Telemetry with Scala, part 1: OpenTelemetry
Introduction
First part
This blog post is the first of a series of articles, aimed to show a landscape of metrics and telemetry solutions possible to use in different Scala ecosystems, including some examples of APM solutions. I possibly won’t cover all possible solutions or a combination of those but will try to cover the main one.
Please, NOTE: this series is not going to compare telemetry as whole products between each other, instead it focuses on how to use each telemetry framework in different Scala ecosystem and perhaps highlight some pitfalls from this perspective only.
Since this is quite a large topic to discuss, just a small portion of code samples are present here. Please, see this repository for complete results.
As the title says, in this particular post, we will focus on OpenTelemetry framework.
Concepts
But before moving forward, it’s worth mentioning that monitoring or telemetry is a pretty wide technical topic. Of course, I won’t be able to cover it all. But, to be on the same page, first, let’s introduce a shortlist of main concepts I’m going to refer to. Definitions could differ from source to source, so I try to give some average notions:
- Metrics — abstract signals sent from service, resource, etc.
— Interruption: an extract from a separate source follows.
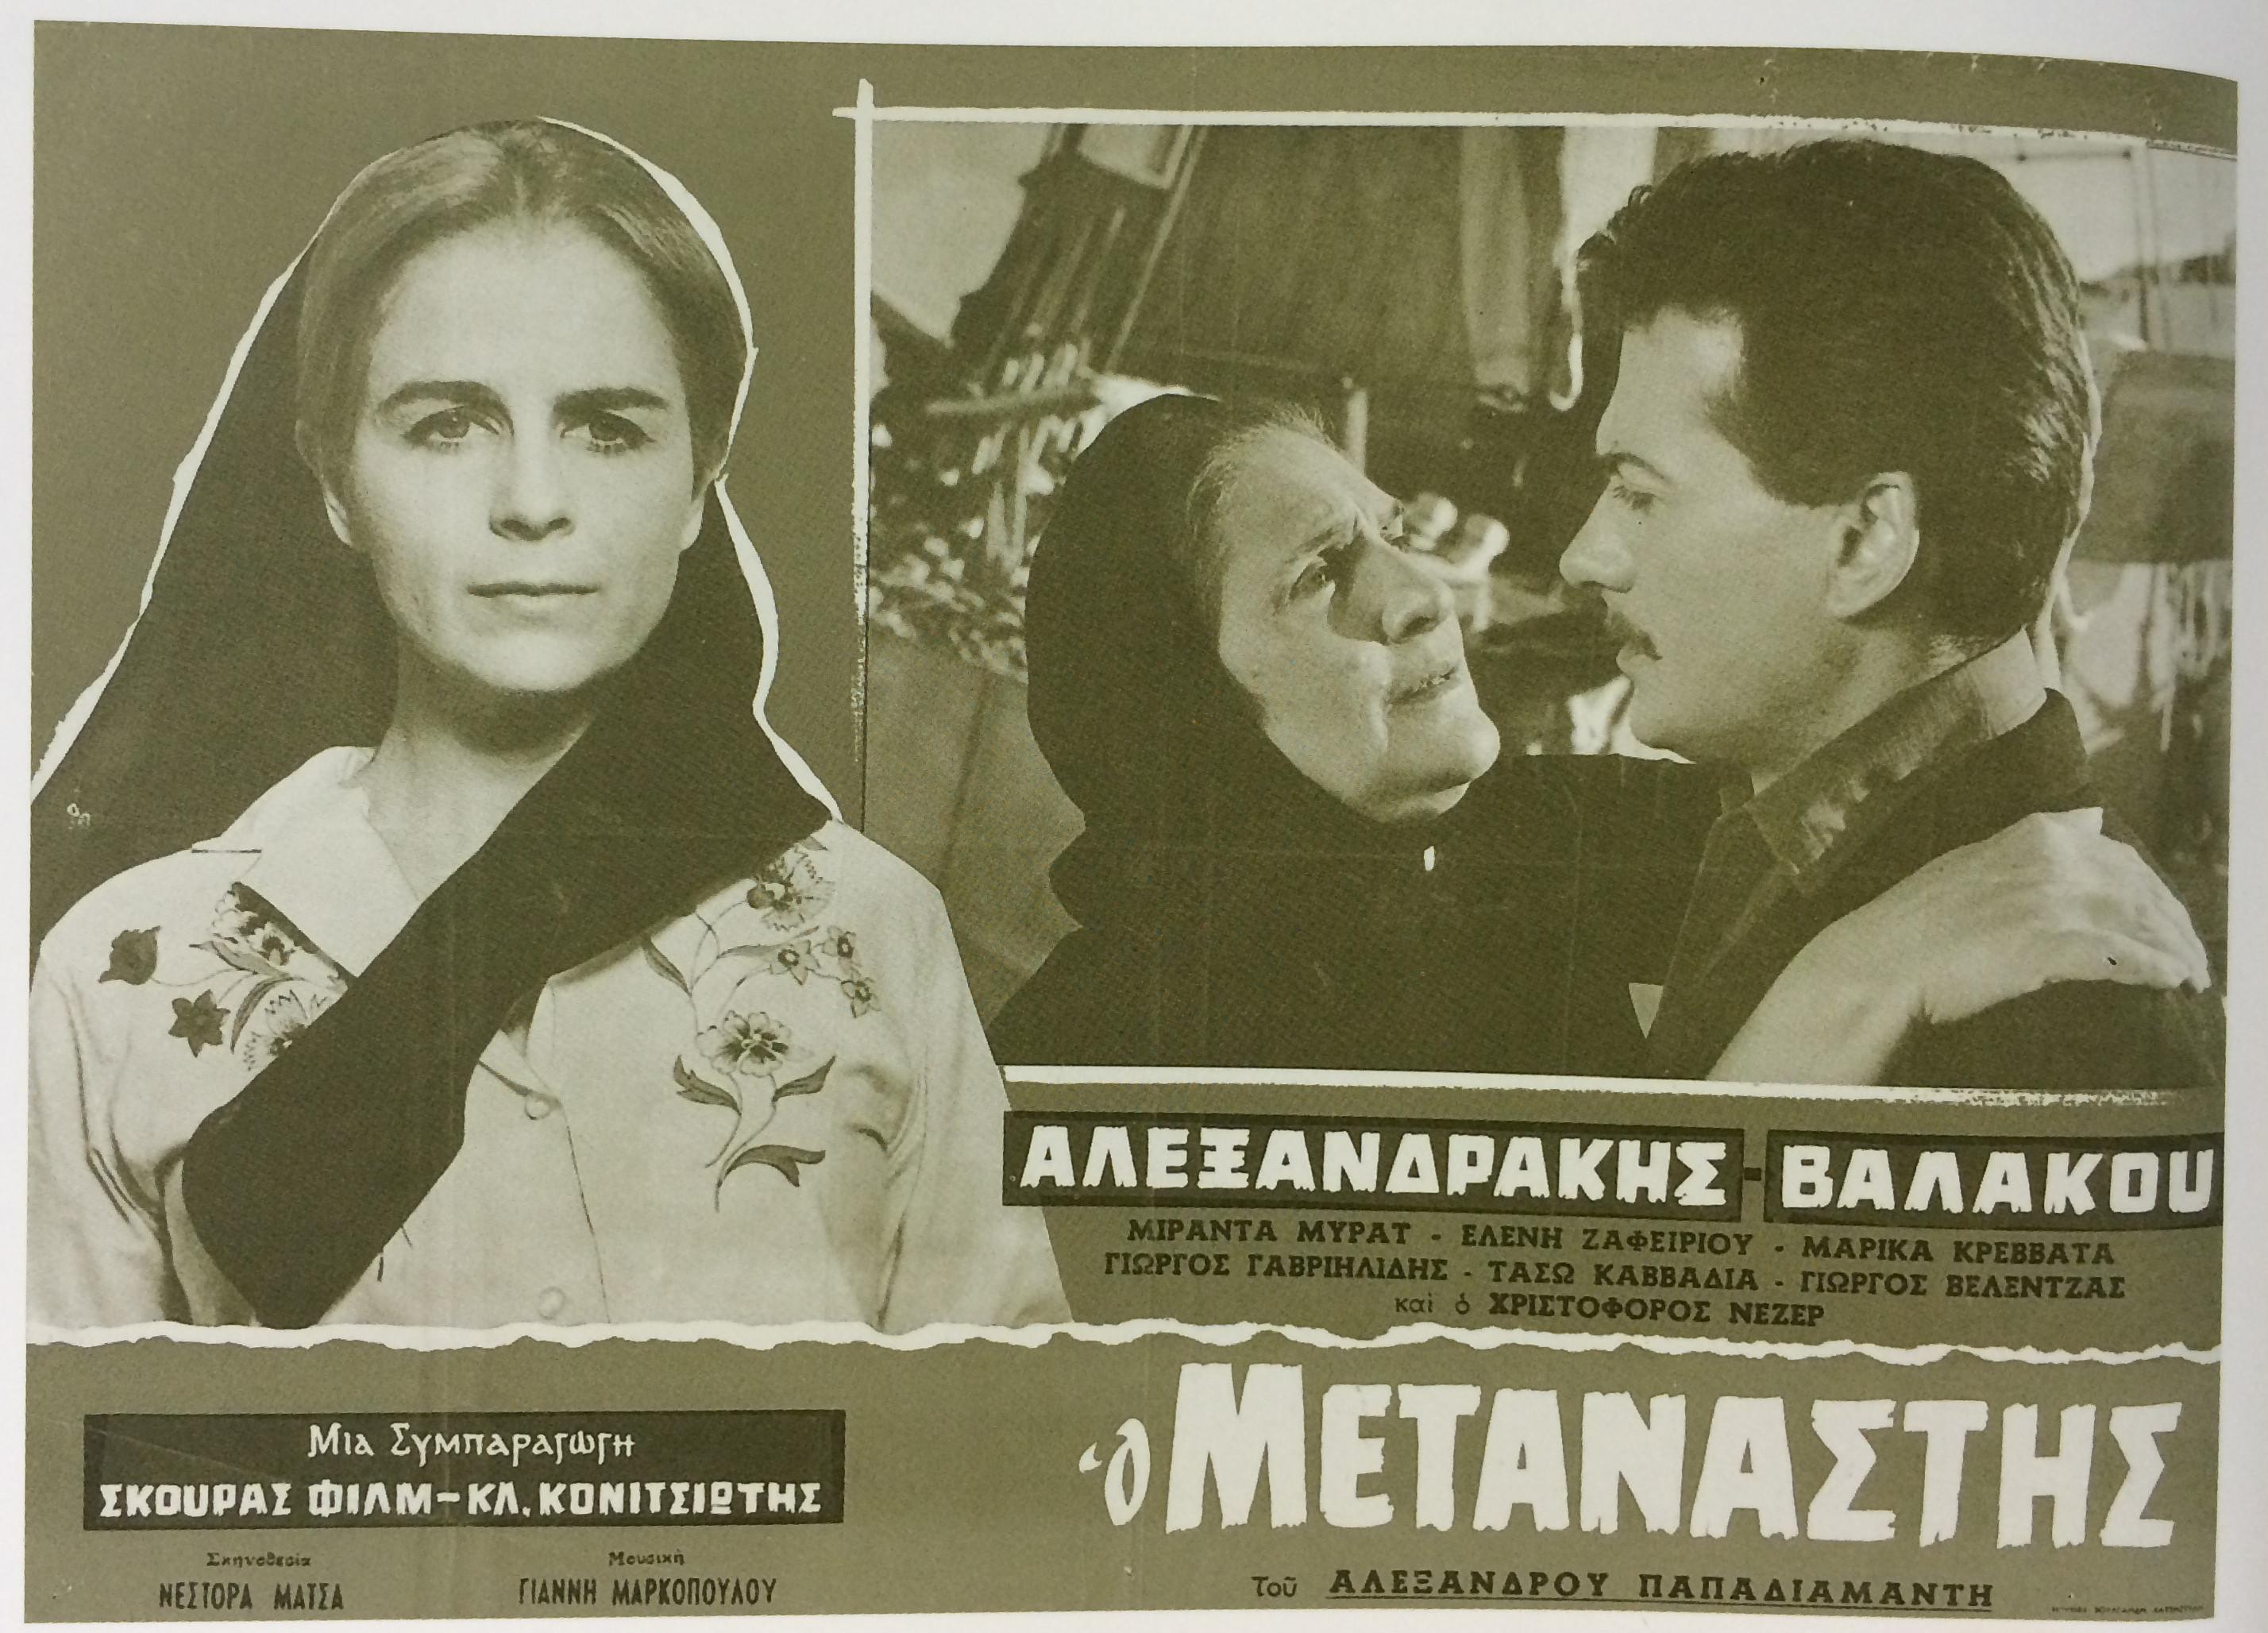 metanastis

- Spans — data about single logical unit execution. For instance: timings about service method execution.
- Trace — data about single logical transaction execution. For instance: handling HTTP requests.
- Instrumentation — any tools or libraries, which understand specifics of certain service stack of technologies they run inside and can scrap valuable metrics or spans.
- Agent — service collecting or scrapping data from target services or resources.
- APM (application performance monitoring) — complex software solution capable to store, visualize, alert about, etc. received metrics. For example Splunk, NewRelic, etc.
Overall, when we’re talking about any telemetry solution, we usually mean building a complex solution consisting of certain instrumentation, agent/storage, and visualization/APM solution. Schematically it showed in picture below:
Ecosystems
Following ecosystems are going to be considered in series:
- Lightbend — mostly known for
akka
and surrounding projects, such asakka-http
,akka-streams
etc.; - Typelevel — ecosystem build on top of
cats-effect
library, such asfs2
,doobie
,http4s
etc.
Looking ahead, this and the next post are focused on Lightbend stack, and the third will describe monitoring in Typelevel stack.
System under monitoring
To compare how to plug and use certain telemetry solutions for end-service, let’s consider a single example service: a task ticketing system, similar to well-known Jira or Asana. The domain model is pretty simple — there is Ticket
representing a single task and Project
which contains multiple tickets. This system at a high level consists of microservices responsible for projects management (projects-service
), tickets management (tickets-service
) and tickets change notifications, e.g. emails (notification-service
). Since there is plenty of stuff to monitor, let's keep our focus on tickets-service
only. The projects-service
is stubbed in our case and provides API just to fetch project by its id. The notification-service
shown as theoretical service.
For the sake of example, the task tickets system is much simplified compared to the real-world production system and does not include things like auth, caching, load balancing, etc. Along with that, the technical stack has been chosen to be more or less diverse to simulate a real production system to some extent, hence certain architectural decisions might not look perfect.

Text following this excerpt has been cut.